Here's another question I'm wondering. My object detection is slow. I use yolo-voc.cfg network 416x416 on your fork and get 9.2s/ one picture on average. And my CPU is eight i7-7700K Core with 39.76 GFlops/computer[1]. Due to some restrictions, I cannot use GPU. According to this issue #80, I should achieve about ~0.01 FPS per 1 GFlops-SP. So I should have gotten 0.3976 FPS and ~2.5s/ one picture. Could you figure out what's the problem? Thanks a lot! [1]CPU performance

AlexeyAB commented 6 years ago

~0.01 FPS per 1 GFlops-SP - only if all CPU-resources are used.

But Darknet Yolo well optimized only for GPU, but not for CPU. I.e. Darknet doesn't use SSE3/4/AVX (SIMD) optimizations, so it slower about 3-4x times than it could be. Did you compile with OPENMP=1 in the Makefile? It will use multi-threads for CPU.
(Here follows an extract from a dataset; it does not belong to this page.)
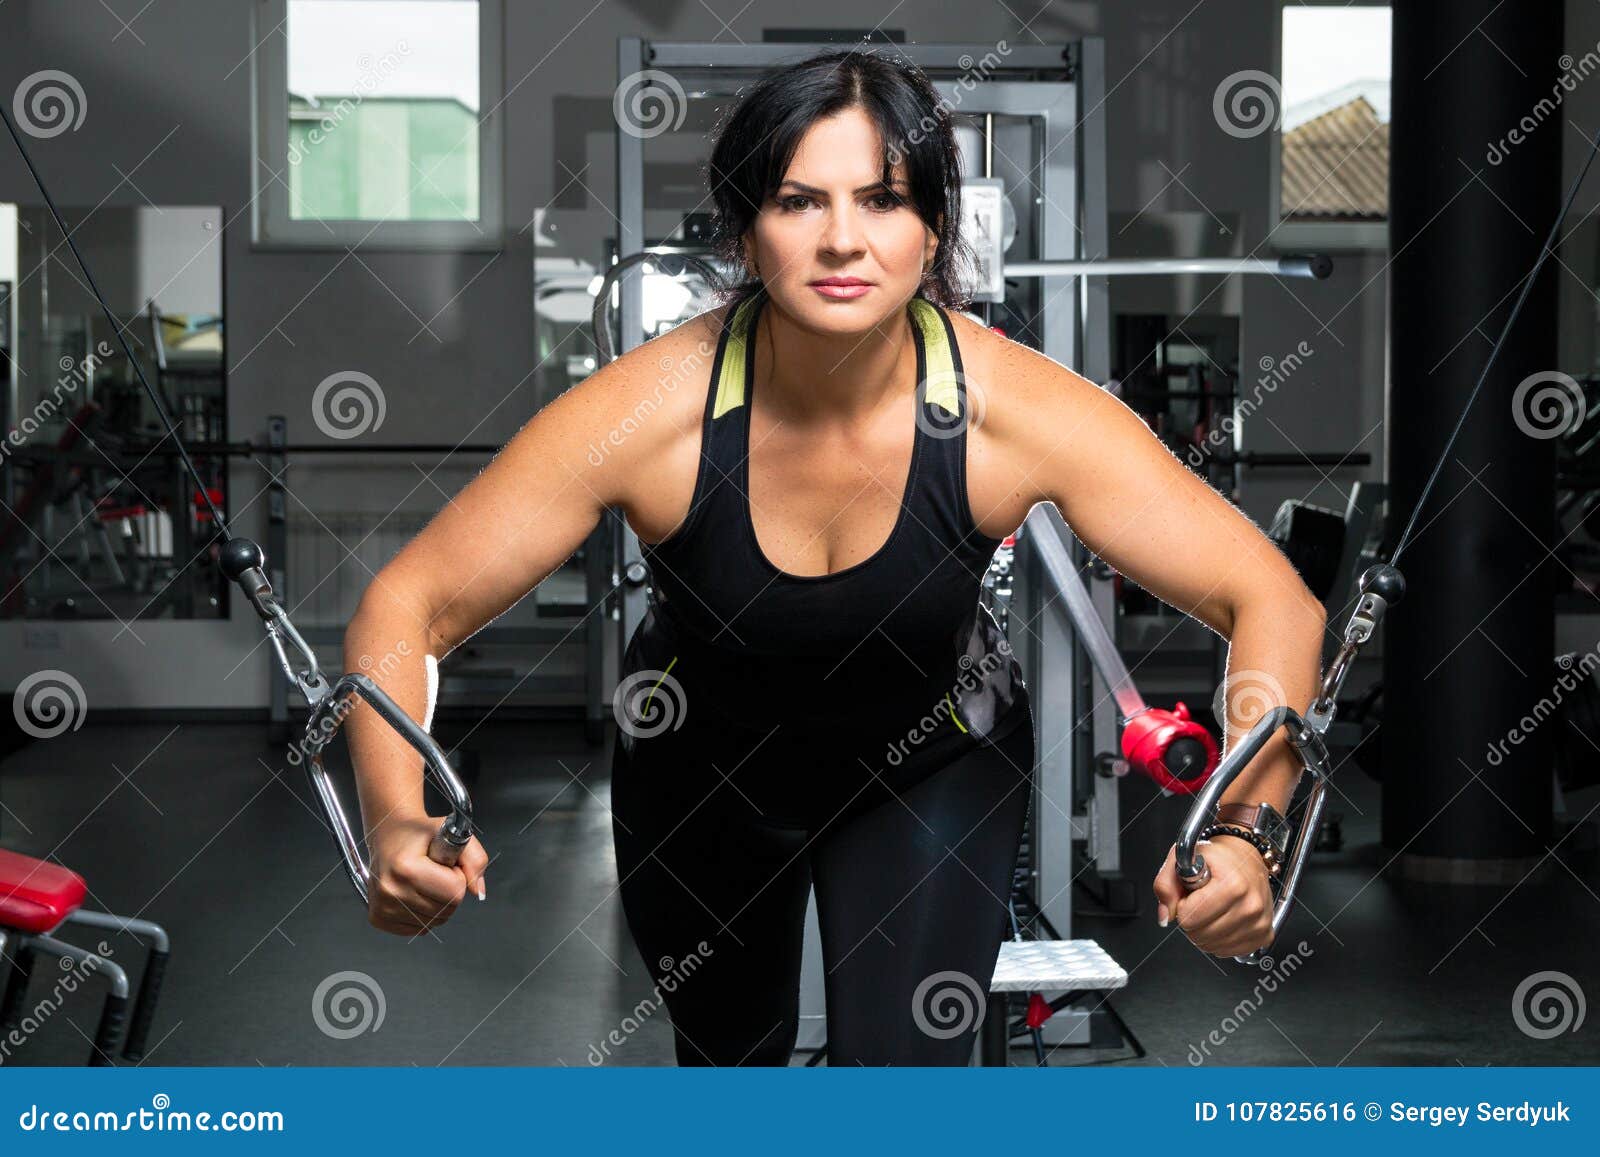 https://thumbs.dreamstime.com/z/woman-plus-size-gym-doing-exercises-training-apparatus-woman-plus-size-gym-doing-exercises-training-apparatus-107825616.jpg

I added Yolo v2 to the OpenCV: https://github.com/opencv/opencv/pull/9705

So if you want to use Yolo on CPU then the fastest way is to use Yolo v2 that built-in OpenCV since 3.4.0 - it can process ~2.5s/ one picture and faster:

wsyzzz commented 6 years ago

Thanks for your advice! And I tried your first solution -- set OPENMP=1. Then I get results in a flash, but it shows it takes 6.2s. But it is much faster than which one shows that it takes 3.2s by my feeling... Does any trouble with the timer?
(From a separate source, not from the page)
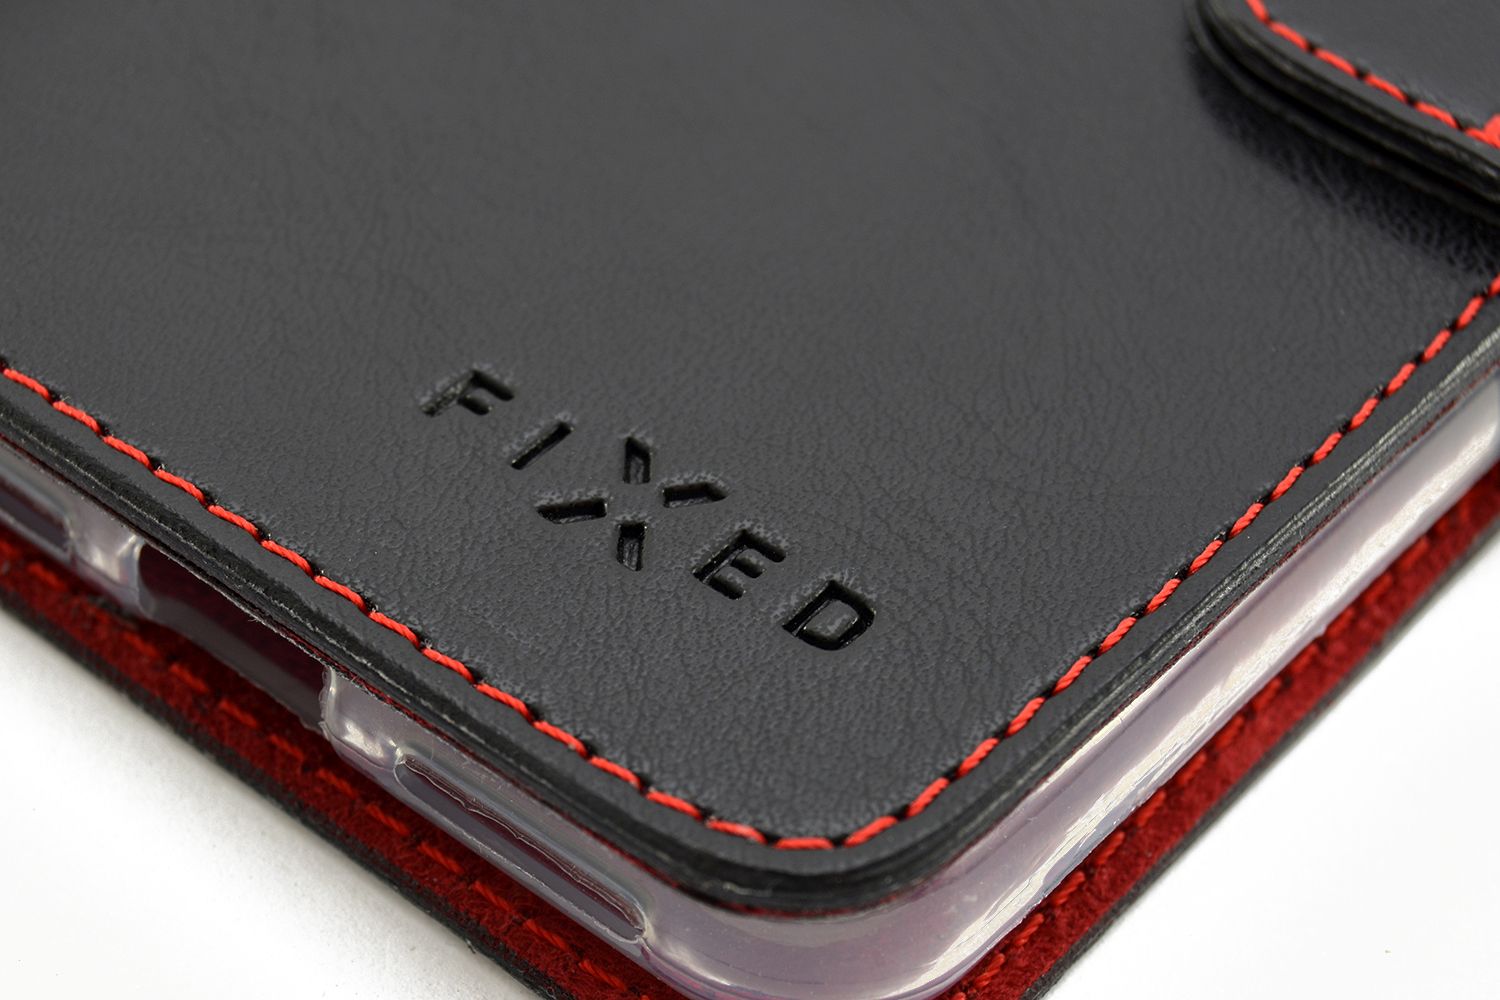 FIXED FIT flipové pouzdro, obal, kryt Apple iPhone 12 Pro Max black

AlexeyAB commented 6 years ago

Yes, clock_t shows CPU-time instead of real steady time: https://stackoverflow.com/a/10874375/1558037

So it actually works much faster.

wsyzzz commented 6 years ago

Get it! You really help me a lot! I just need to use an another timer function!

wsyzzz commented 6 years ago

@AlexeyAB Do you mean you build two versions of Yolo v2? One is built without OpenCV, the other one is built in OpenCV 3.4, and the latter one is faster? Can the latter one support OpenCV 3.1? Thanks~

AlexeyAB commented 6 years ago

I mean that OpenCV 3.4.0 already contains Yolo v2 for CPU inside OpenCV. So you can just install OpenCV 3.4.0 without installation Darknet - and you can use the fastest version of Yolo v2 for CPU.

Can the latter one support OpenCV 3.1?

Yolo v2 that built-in OpenCV only since 3.4.0.

But this repository you can use with any OpenCV version.

TaihuLight commented 6 years ago

@wsyzzz @AlexeyAB What is the difference in the function and workflow for residual connection between shortcut layer and route layer?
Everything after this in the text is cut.